• _DIRECTIONS FOR THIS TASK_: The line with "Shelbys Pizza |" and each line following it, up to the final line of the data, should be set down exactly; pictures stay out.

• _DATA PROVIDED_:
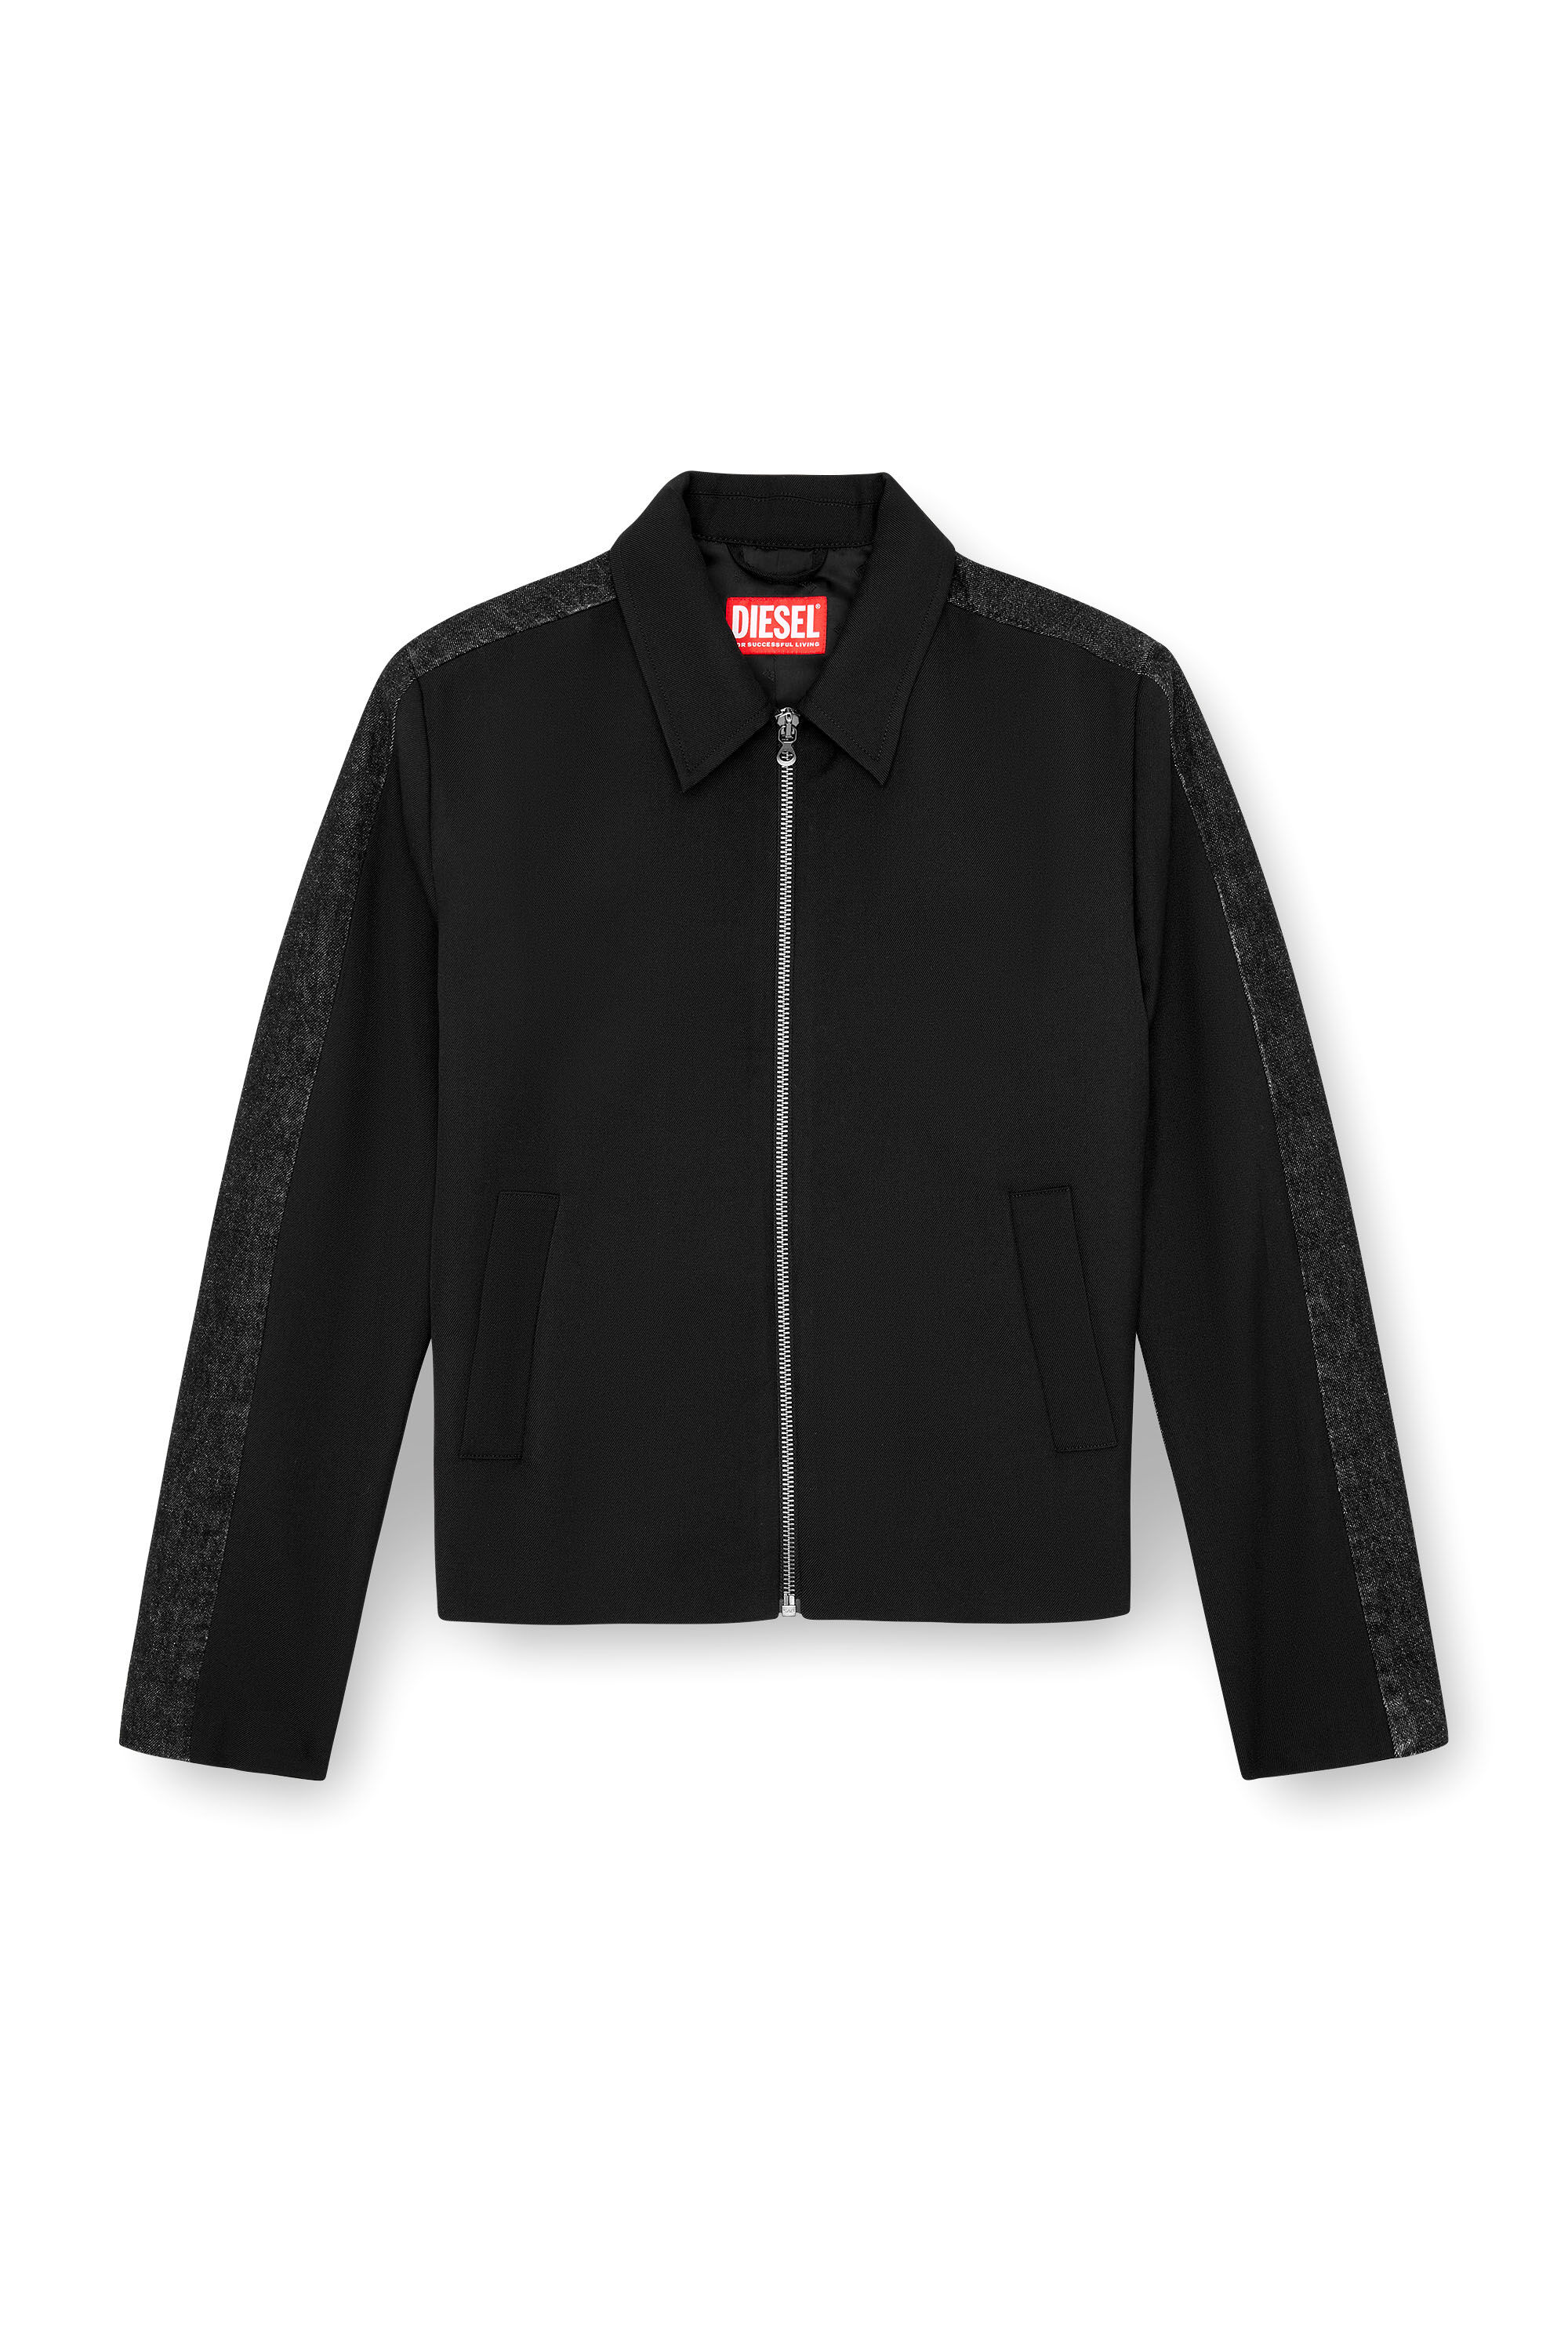 Diesel - J-RHEIN, Male Blouson jacket in wool blend and denim in ブラック - Image 2
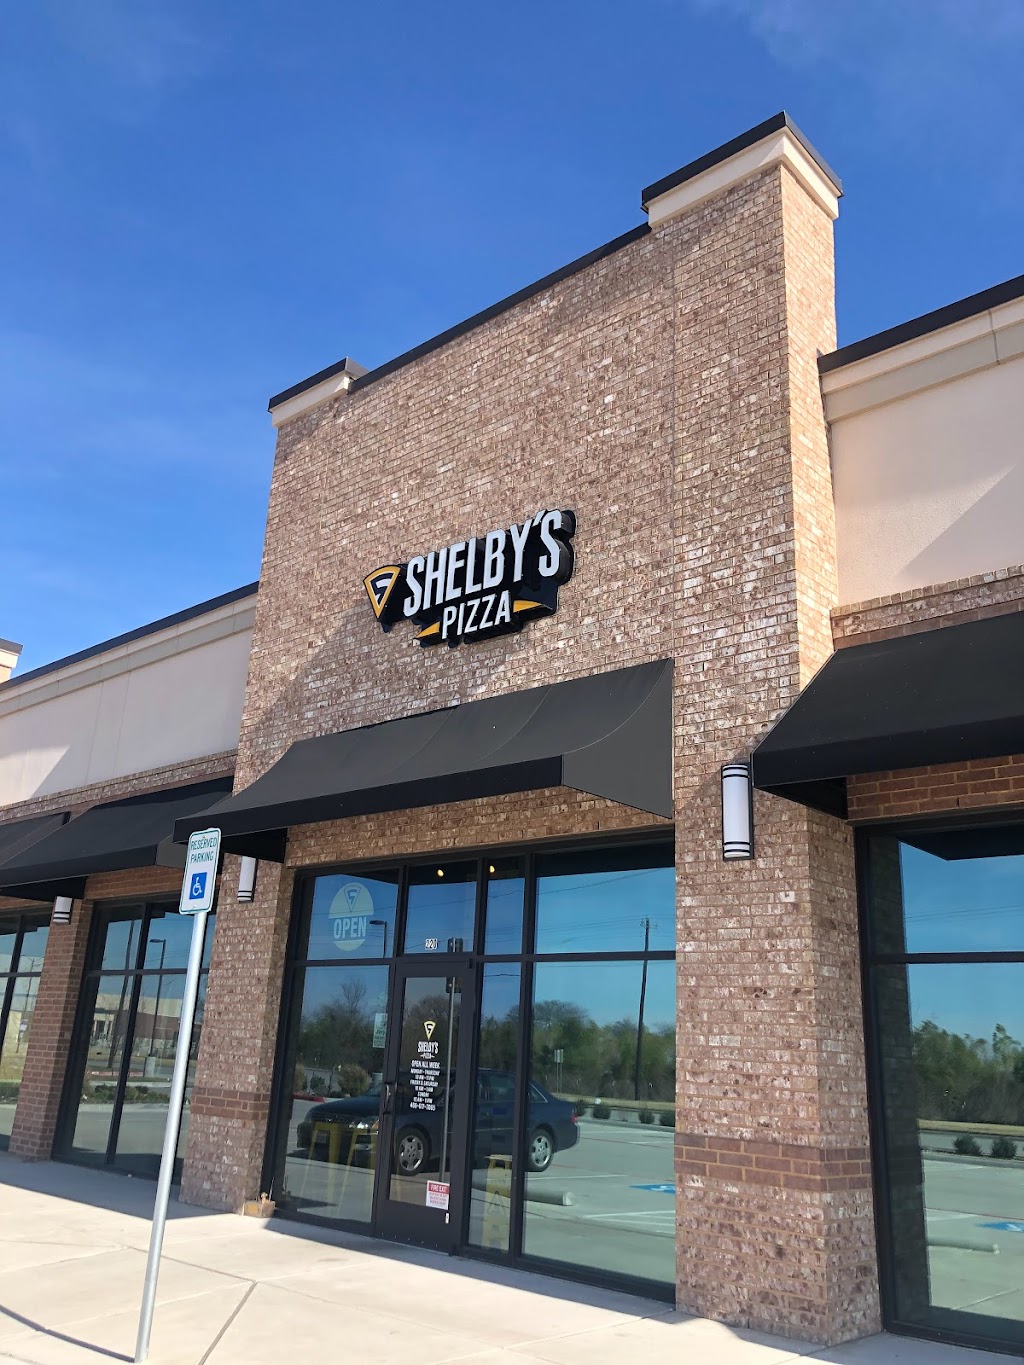 Shelbys Pizza | 210 Coit Rd Suite 220, McKinney, TX 75071, USA | Phone: (469) 617-7065
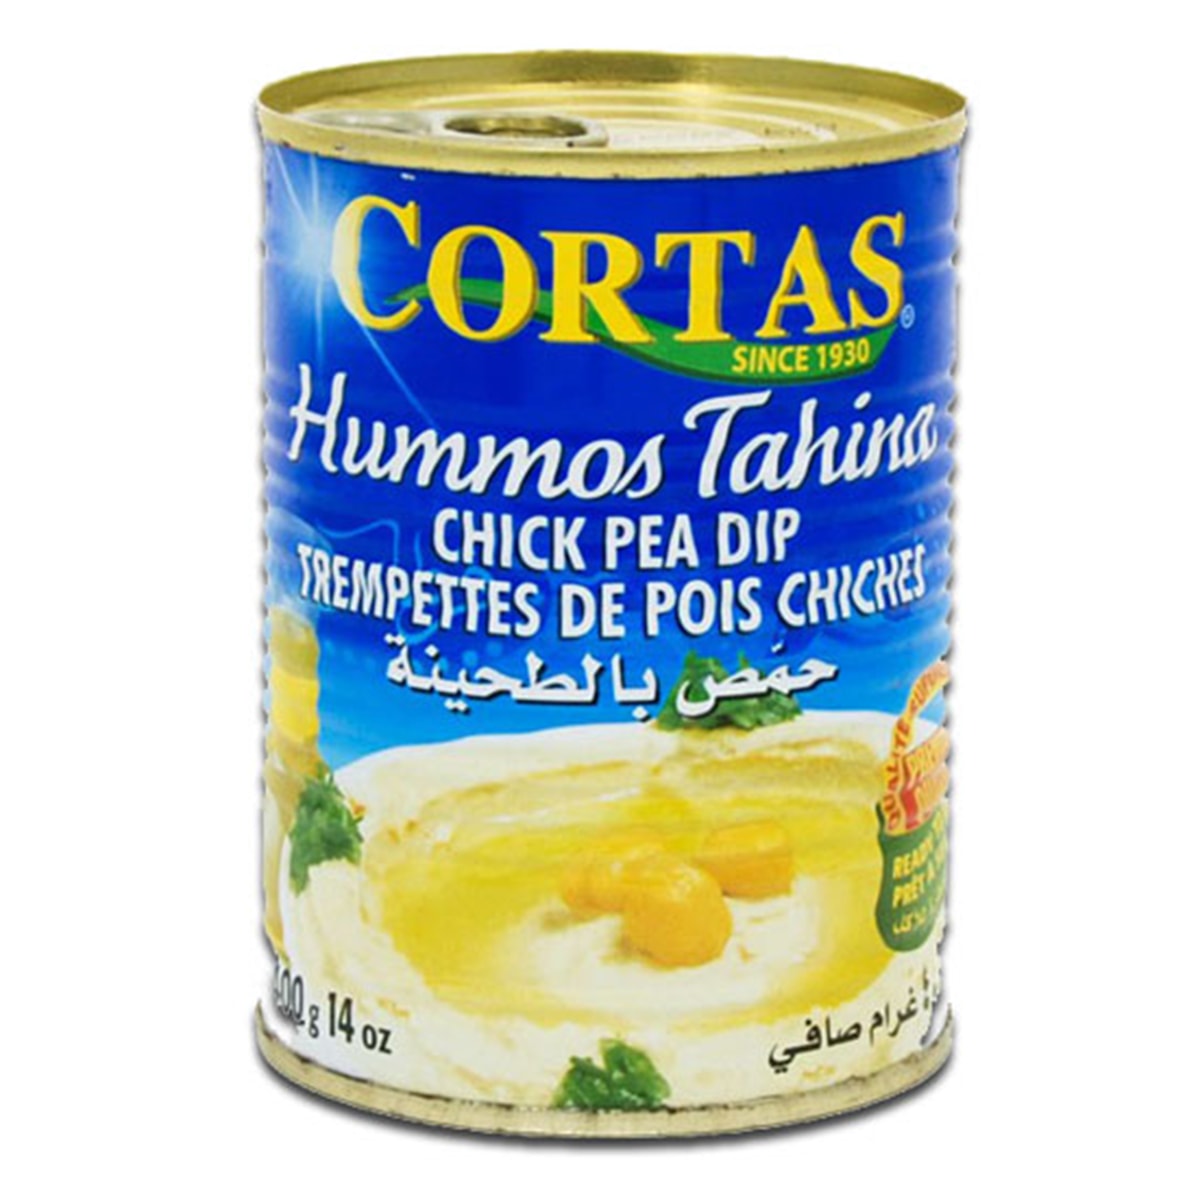 Buy Cortas Hummos Tahini (Chick Pea Dip) Ready to Serve - 400 gm

• _RESULT FOR THIS TASK_:
 Shelbys Pizza | 210 Coit Rd Suite 220, McKinney, TX 75071, USA | Phone: (469) 617-7065
 Buy Cortas Hummos Tahini (Chick Pea Dip) Ready to Serve - 400 gm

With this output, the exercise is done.